西川敦子
本藍染
by ATSUKO NISHIKAWA
本藍染 ワークショップ + カフェ
「ハナのつむじ」主宰
ウエダ家との出会いが、
古来から受け継がれてきた
藍の発酵に変革を
もたらすことができた。
「本藍染」は、化学染料や化学合成された
還元剤を用いた藍染と区別され、
日本古来の藍染の技法で染めることである。
西川さんは、藍染を早く発酵させたり色を出す
という結果を得るため、人間の都合で加温したり、
菌の餌に砂糖を入れて無理やり発酵を
促進させたりすることにもともと疑問があった。
COBOLab.の講座に通い、
その疑問を解決する手立てに出会った。
ATSUKO NISHIKAWA
LEVEL2 INDIGO
PRESENTATION
2019 COBO Lab.
日本の寒仕込みを進化させたCOBOの乳酸発酵
システムを0ベースから取り入れたところ、霧が
晴れるようにいままでの藍の発酵に対する疑問が
解けたのだ。自分なりの藍の発酵を試行錯誤して
いく過程で、奈良時代から生きつづけると言われ、
昭和30年に国の重要無形文化財の指定を受けた
「栗駒正藍染」と自分のやり方が非常に
似ている点があることを発見した。
ウエダ家に出会ったのは、
乳酸菌をパン種にしたパン作り
講座に参加したことだった。
西川さんのカフェ " ハナのつむじ " では、
ウエダ家の乳酸菌はパン種になったり、
カフェごはんにも活躍しています。

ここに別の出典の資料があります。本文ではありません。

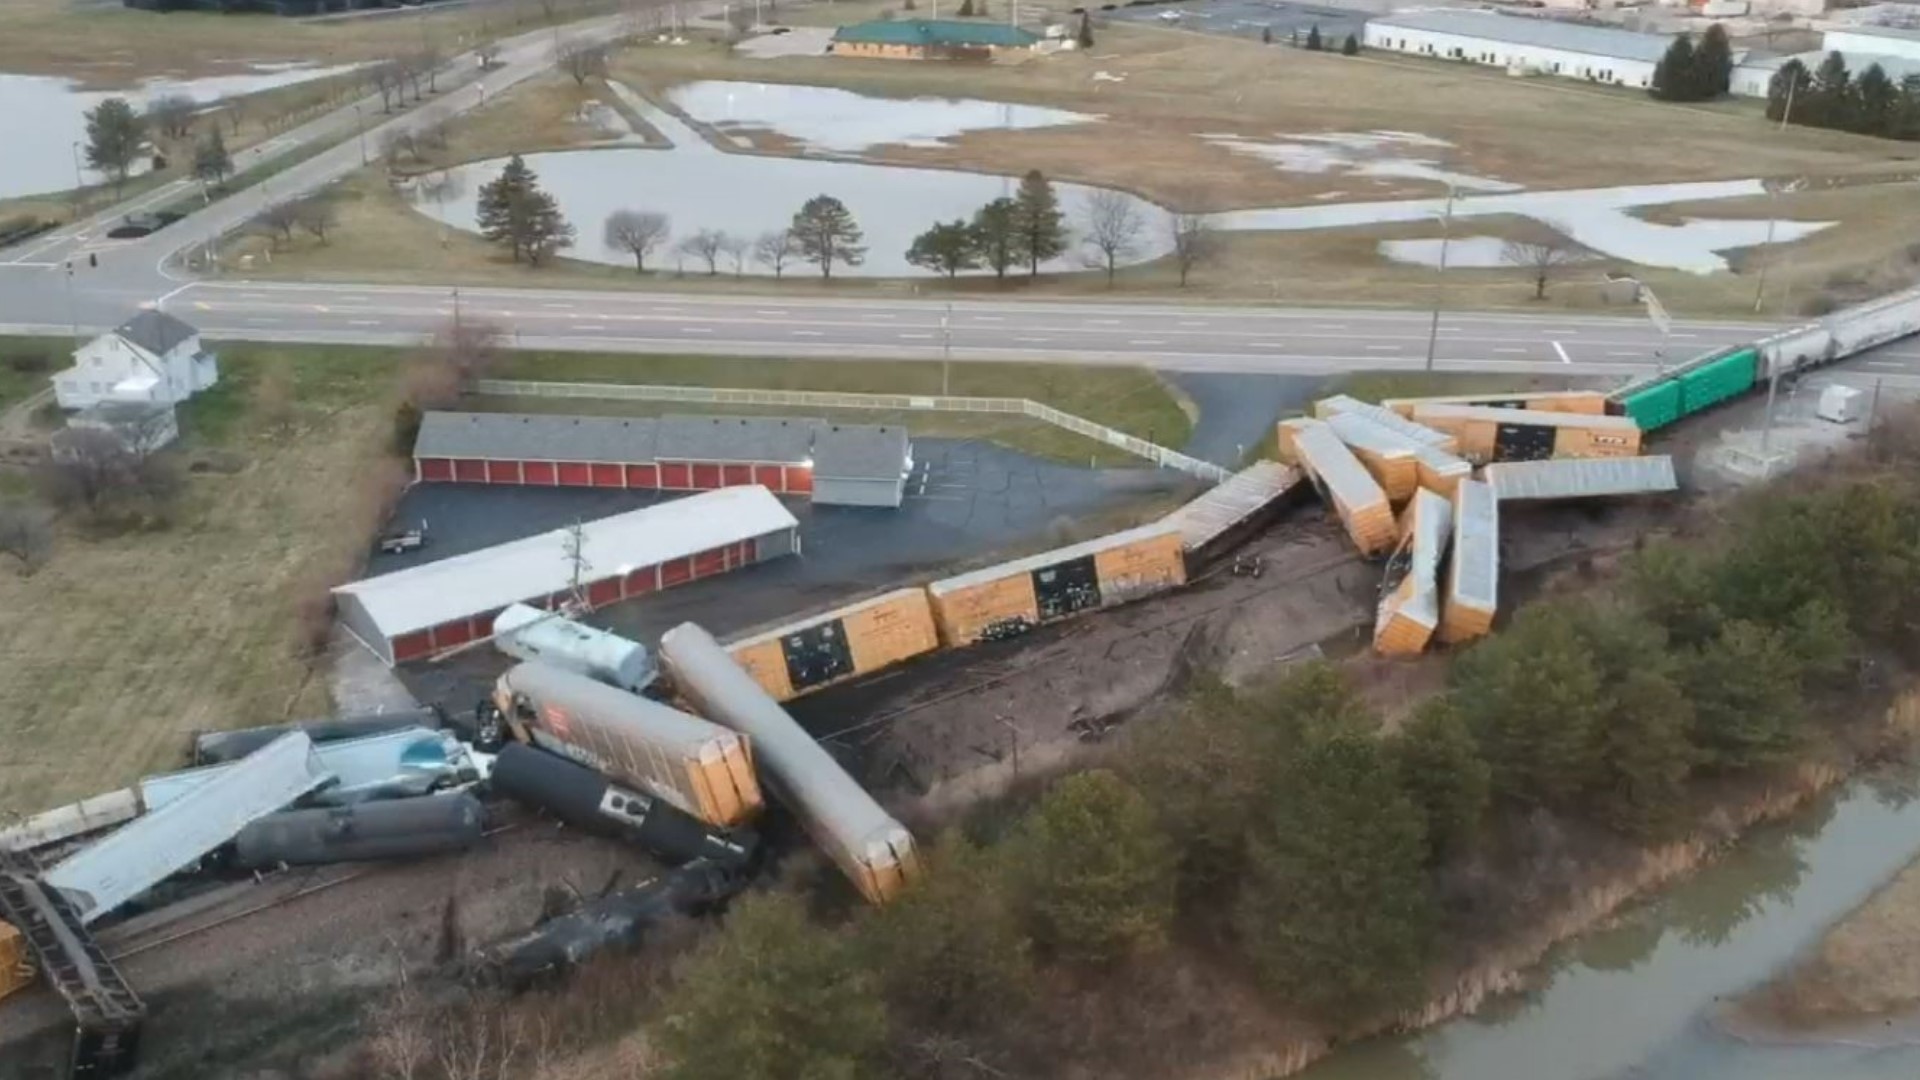 The move follows a fiery derailment on the Ohio-Pennsylvania border in February and several other accidents.

付け足す
調味料の押し付けがましい味ではなく、
木綿生地に触れるような柔らかく、風土で育った
素材のヒストリーが口の中で展開していきます。
乳酸菌は縁の下の力持ち。目に見えないところで、
とても大きな仕事をしてくれています。カフェの
お米やスコーンを「すごく美味しい」と言って
くださるお客様が多いが調理法は至って簡単!
普通ではないのは乳酸菌が働いてくれることです。
ガンジーが教えてくれた自立の
精神と自分のデリケートな肌を守り
いたわるために。藍に対しての
独特の向き合い方が功を奏した。
西川さんは、もともとアレルギー体質を持ち、
都会の環境が肌に合わず、海辺の自然環境の
良い場所では体調がよくなるという経験から、
伊豆という環境に居を構えた。
食だけでなく衣食住すべてを自給自足することで
何者にも支配されず自由に生きることができると
説いたガンジーの「自立の思想」に出会った
ことがいまの自分をつくっていると言う。
ガンジーは自分の手足を正しく使ってすべての
生命・自然との共存をはかることで支配による
苦しみの世界を変えようとしました。
化学繊維や絹や麻はデリケートな自分の肌には
合わず、子供の頃から木綿の柔らかな肌触りに
守られてきた。西川さんは木綿の糸を紡ぎはじめ、
自分にとって大事な木綿をアップグレードする
藍染の世界へ入り、いまの営みにつながっている。
ウエダ家の自然哲学である「菌の気持ちになって
考える、伝統の常識にとらわれずに
ゼロベースから見直し、再構築する」は
目からウロコで、藍の発酵が進化している。
「藍と食、菌との共存がベースにあるので、
安心して暮らし、チャレンジできるように思う。」
と西川さんは言います。
私たちはいまチャットGPTなど生成AIと呼ばれる
人工知能の膨大なデータによって操作され、
個人が主体的に自律した意思決定していく
原則が揺らいでいます。
自然の生きものたちと関係しながら
自立していく、互恵関係を問いかける
ガンジーの「自立の思想」が蘇ってきます。
伊豆の地で、自然と人の媒介役である
菌の視点から藍染の発酵に向き合い、
自然や地域、社会との関係性を主体的に
築いていくことで、衣食住の自立を取り戻したい。
「知恵と実践」のリトルデータを
積み重ねる営みを世界に発信します。